The fact that this teacher did not cut this student - a ninth grader with multiple disabilities who endured a hospitalization with a chronic disorder - some slack makes me much less likely to give her the benefit of the doubt on anything.

If the OP cannot meet with the teacher in person with another admin present, preferably in her classroom, then OP is well within reason to meet with admin without the teacher and lay out the situation. The teacher should not be allowed to dodge this.





You do hear this tone, correct? That the teacher is already guilty?

I’ve ONLY asked that the teacher be included in a conversation.
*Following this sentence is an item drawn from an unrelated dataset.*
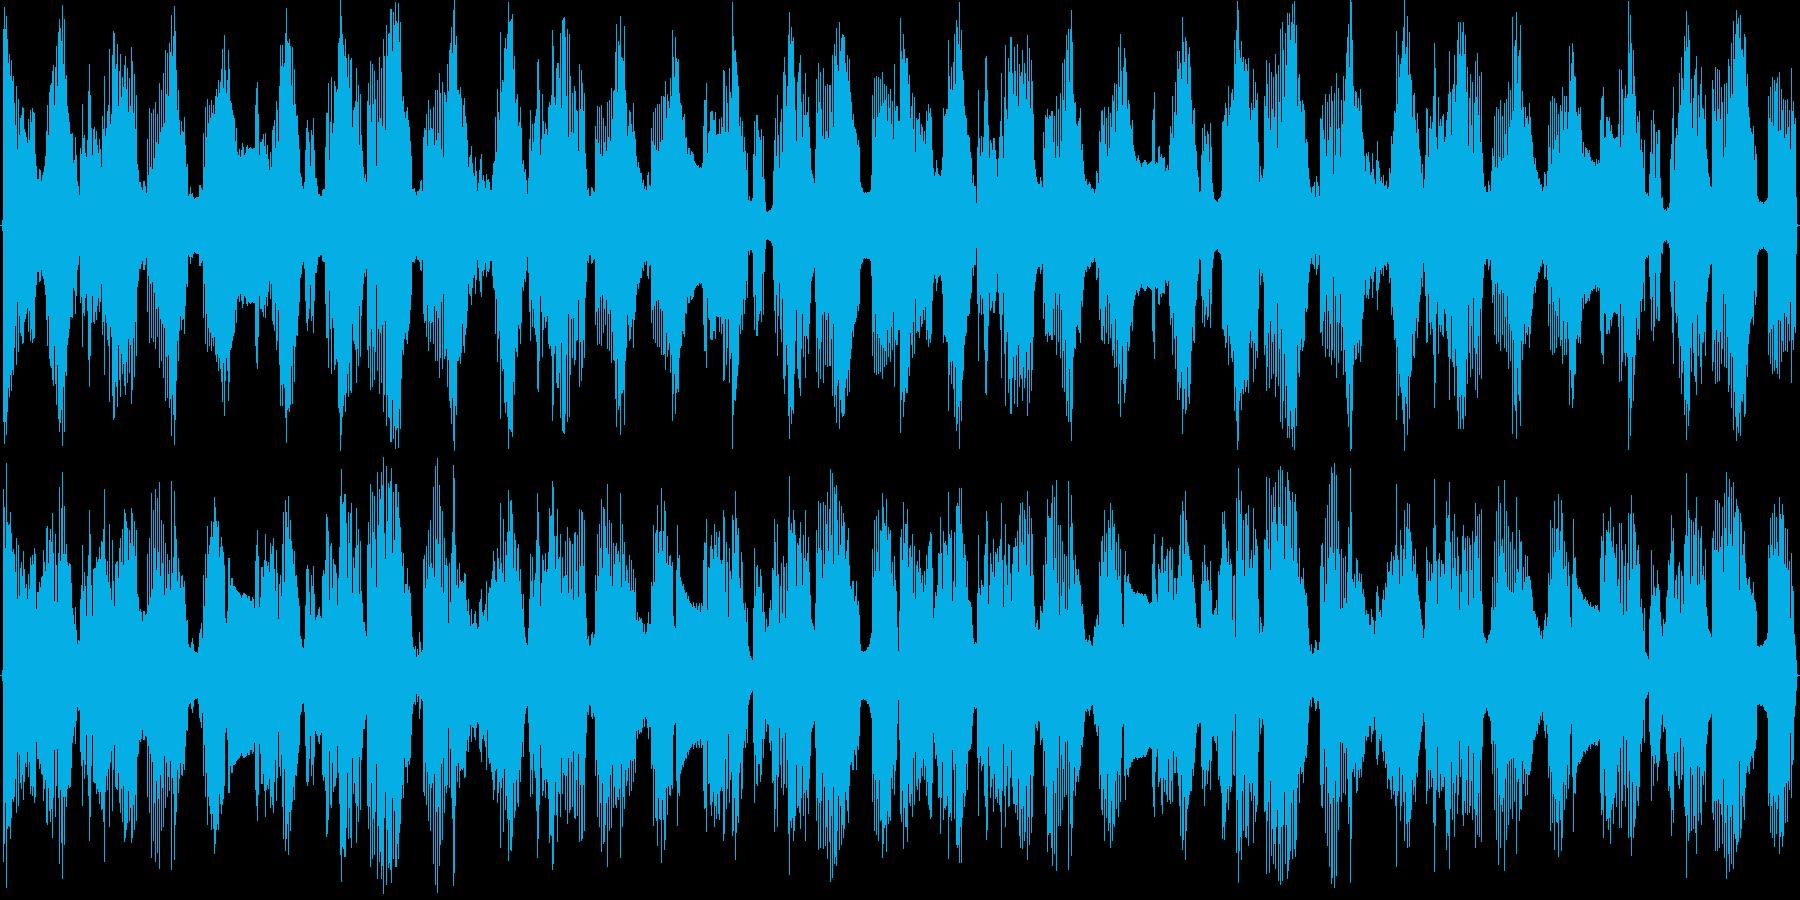 ~Reset - ここから再開しよう~の再生済みの波形

Again: I have seen an innocent teacher destroyed because a parent took a false story to admin and above. She was proven innocent later, but the damage was done. I’m now sensitive to witch-hunts.

The student very well may be correct here and should be supported. Any effort to take the teacher down or “weaken the teacher” shouldn’t occur until AFTER a conversation with the teacher and admin.

I’m an innocent-until-guilty believer, but I suppose many aren’t.


I don’t think you’re wrong in principle, but I think you’re being incredibly naive regarding the lengths that teachers and and admins will go to ignore or even cover up malfeasance. The circumstances and video strongly suggest malfeasance occurred, and the OP should absolutely be careful to not give the school an opportunity to destroy evidence or sweep the incidents under the rug.